• Task statement:
Set the listing down again exactly, please, apart from its pictures.

• Exercise data:
###
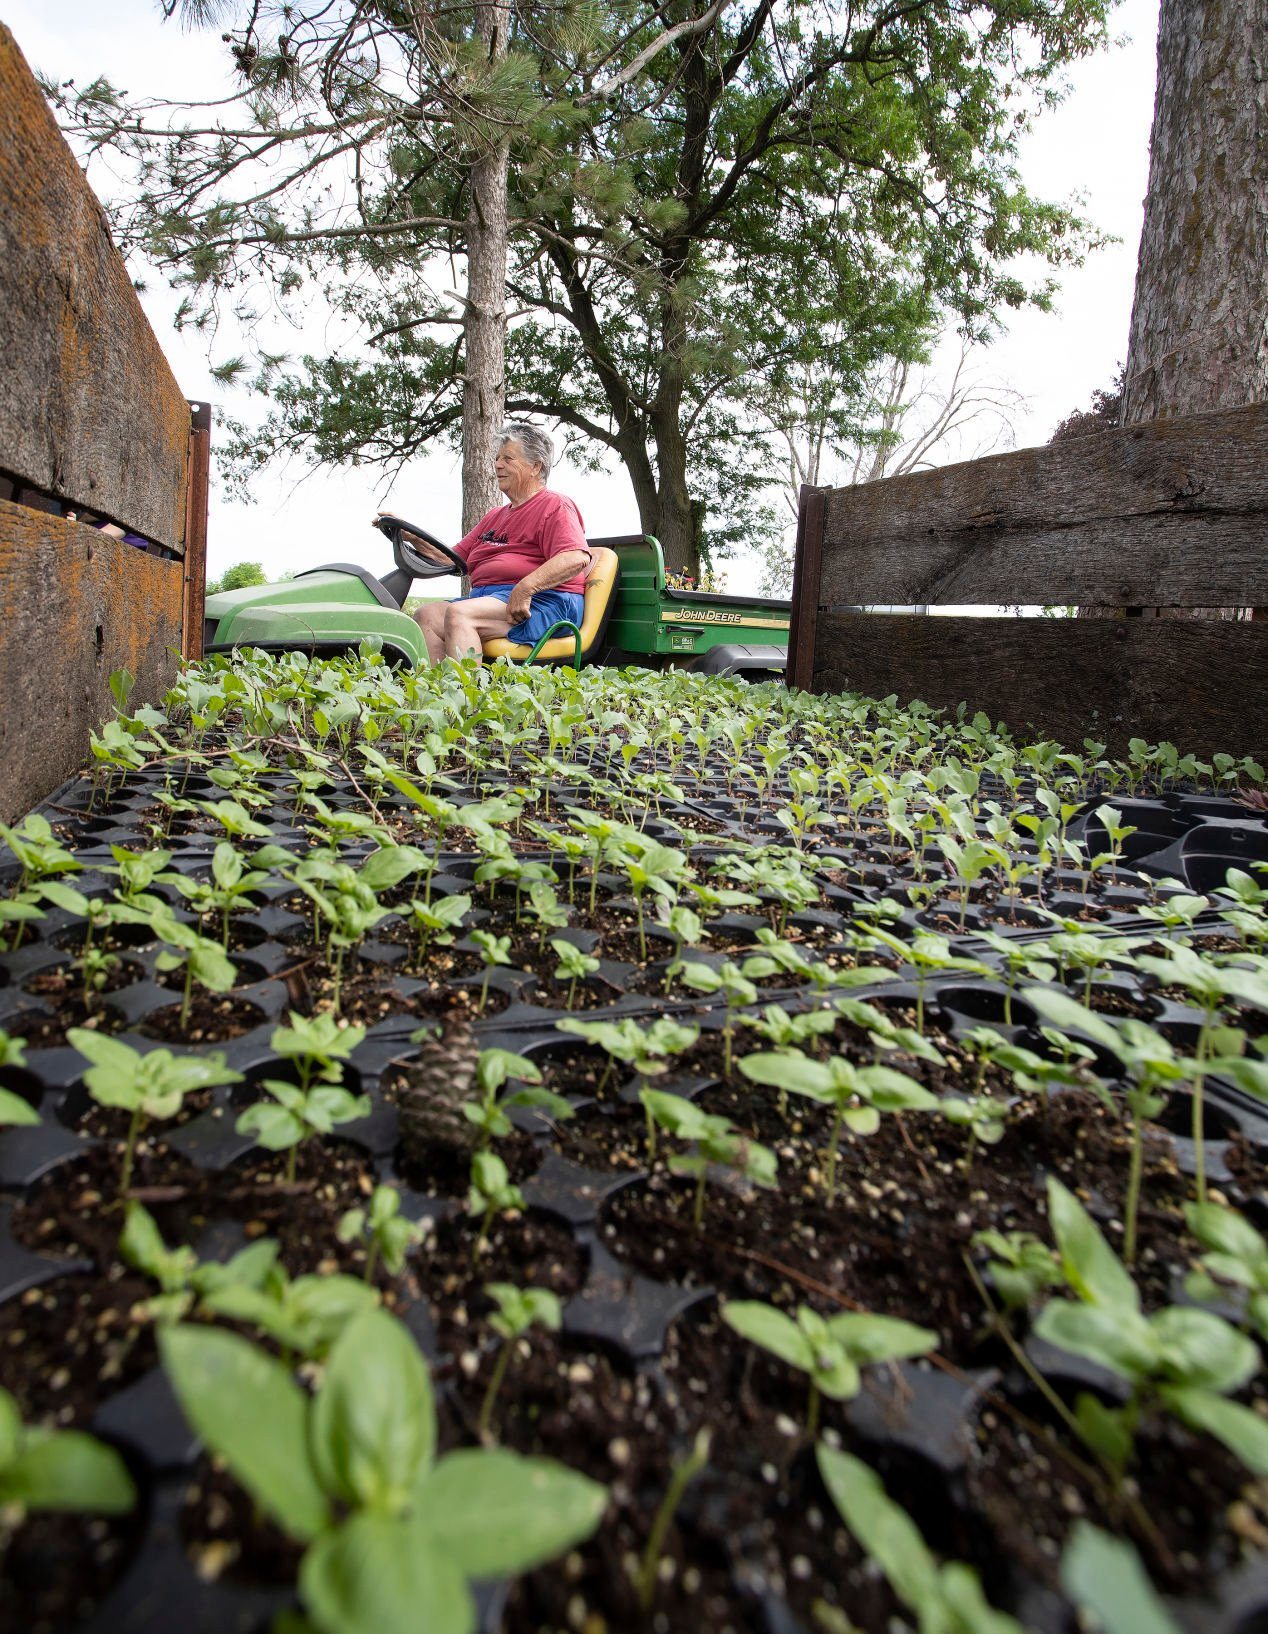 Carolann Kruse drives past a wagon filled with young kohlrabi on her family’s farm in rural Lancaster, Wis., on Wednesday, July 27, 2022.    PHOTO CREDIT: Stephen Gassman
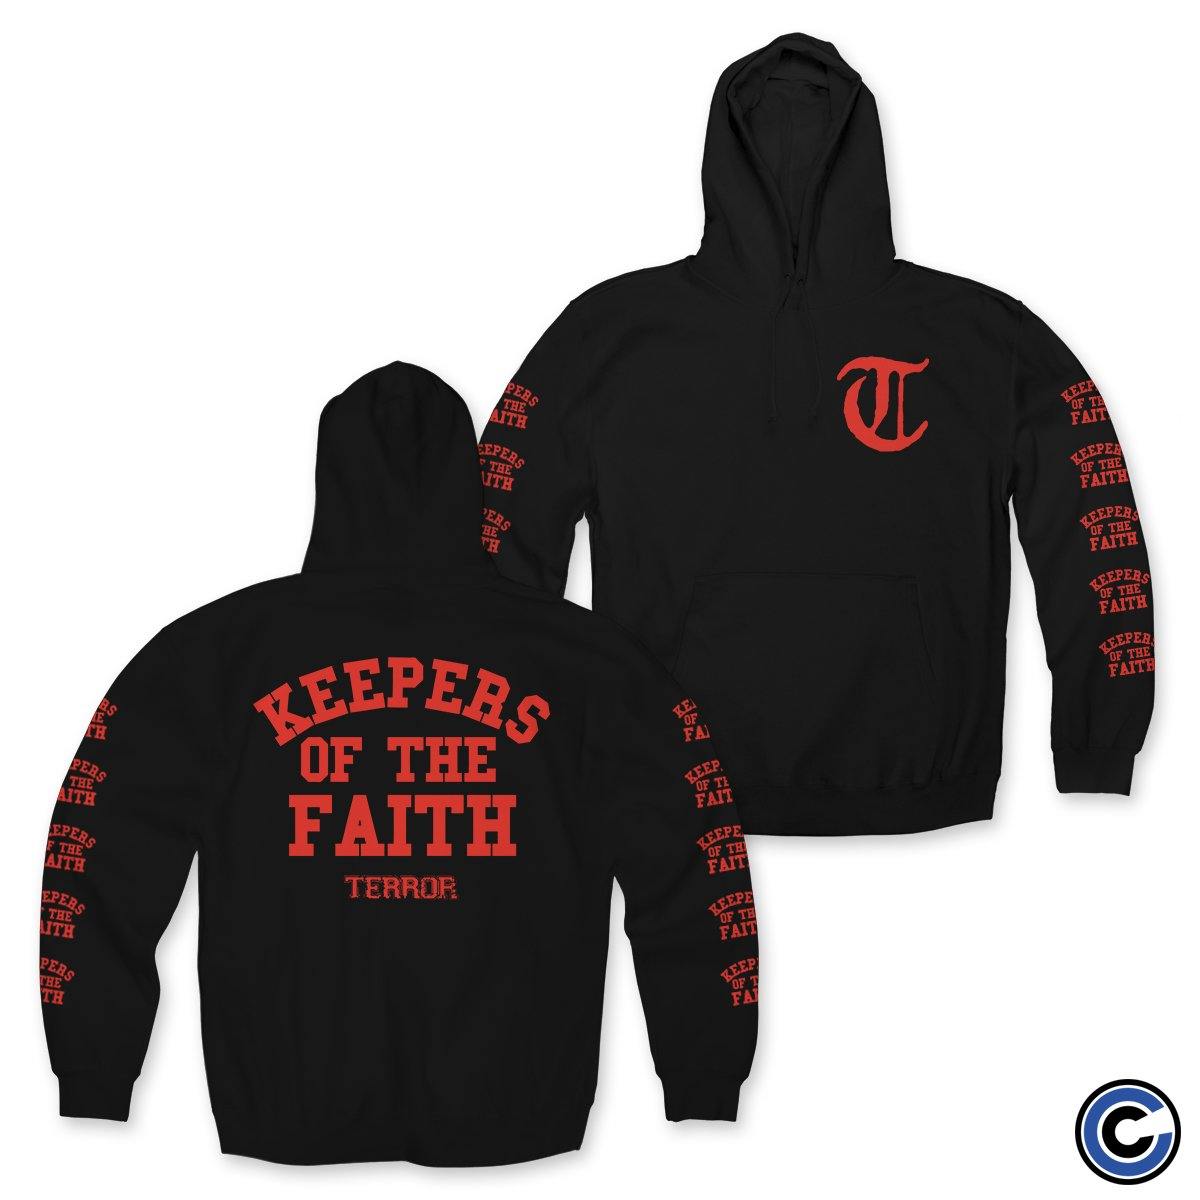 Buy – Terror "Keepers Of The Faith" Hoodie – Band & Music Merch – Cold Cuts Merch
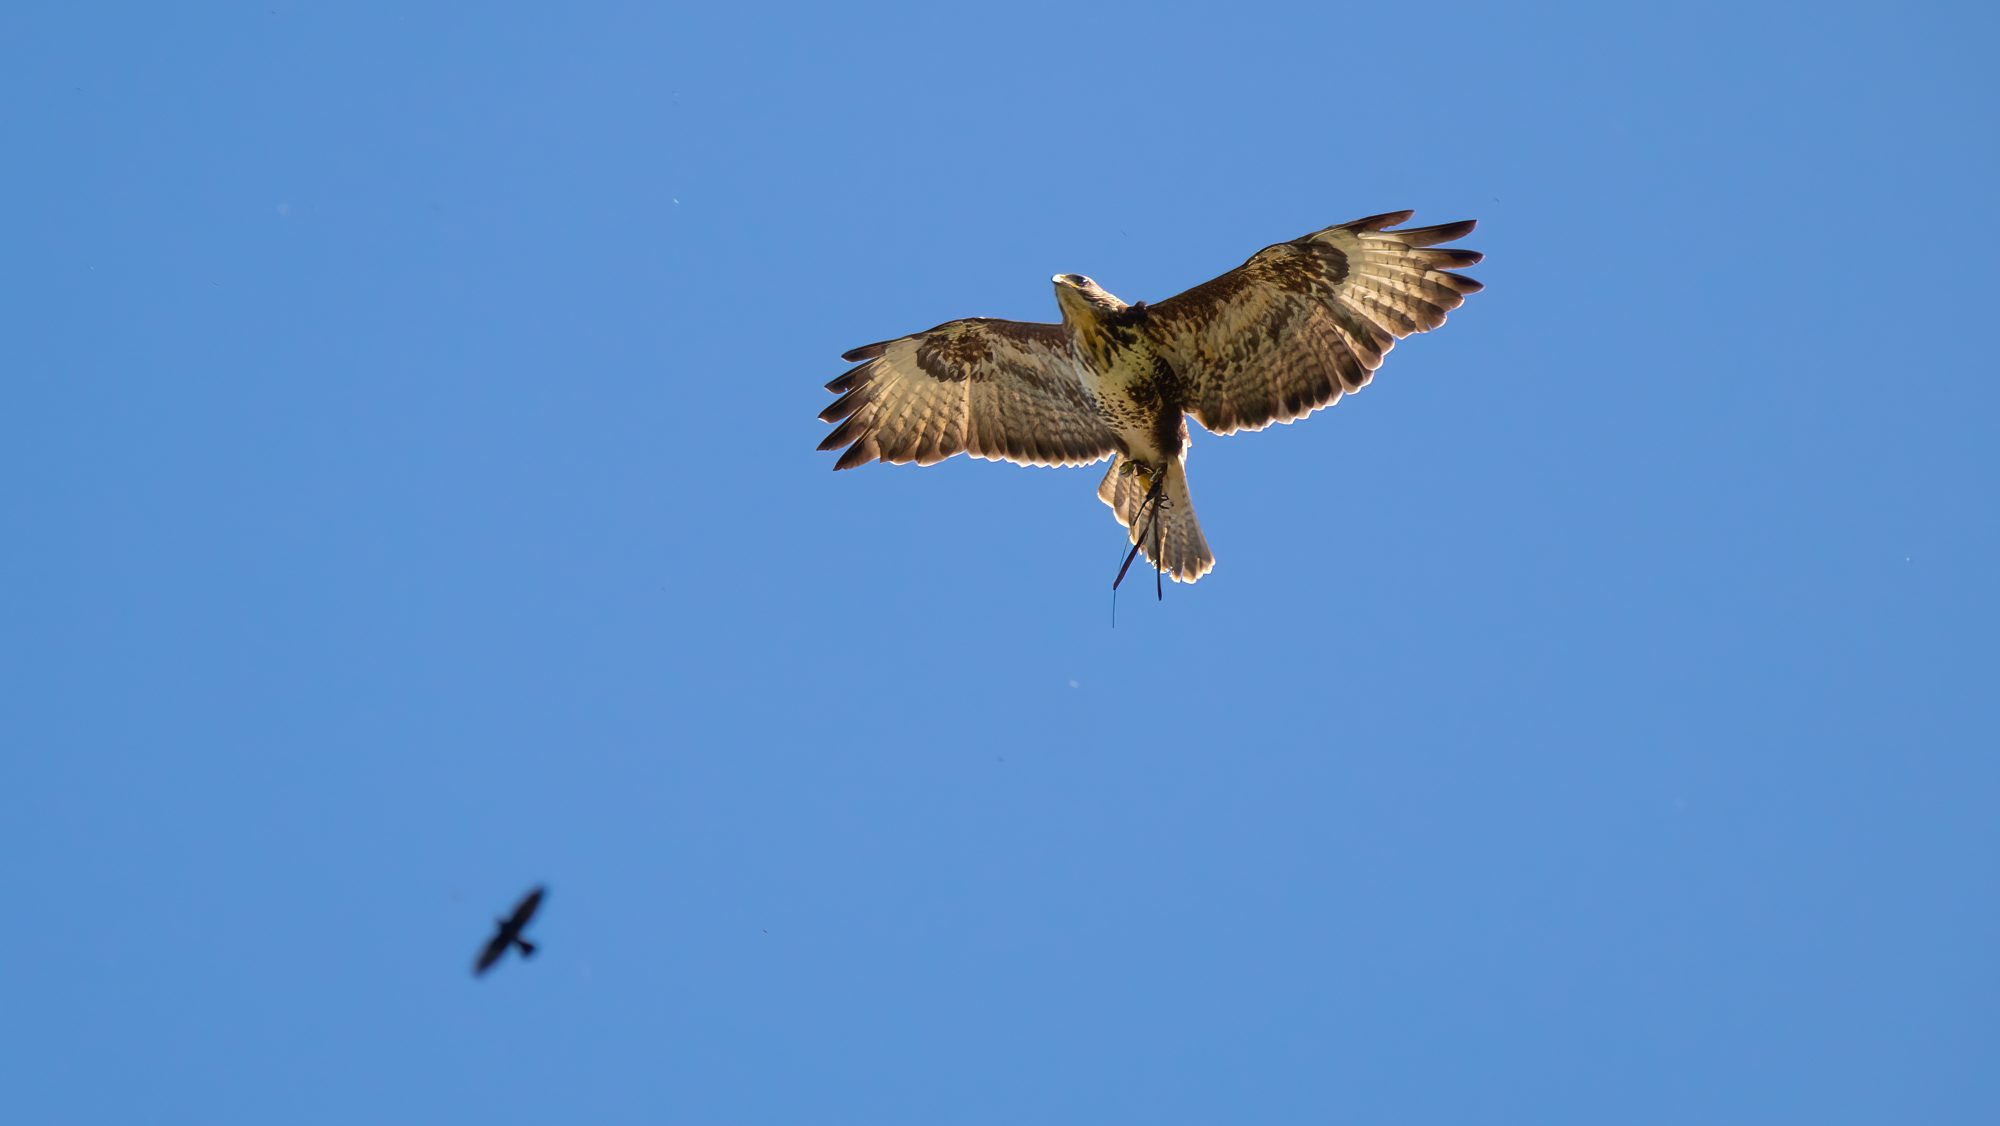 How to tell? Is it a Buzzard or a Red Kite?
###
• Output of the exercise:
 Carolann Kruse drives past a wagon filled with young kohlrabi on her family’s farm in rural Lancaster, Wis., on Wednesday, July 27, 2022.    PHOTO CREDIT: Stephen Gassman
 Buy – Terror "Keepers Of The Faith" Hoodie – Band & Music Merch – Cold Cuts Merch
 How to tell? Is it a Buzzard or a Red Kite?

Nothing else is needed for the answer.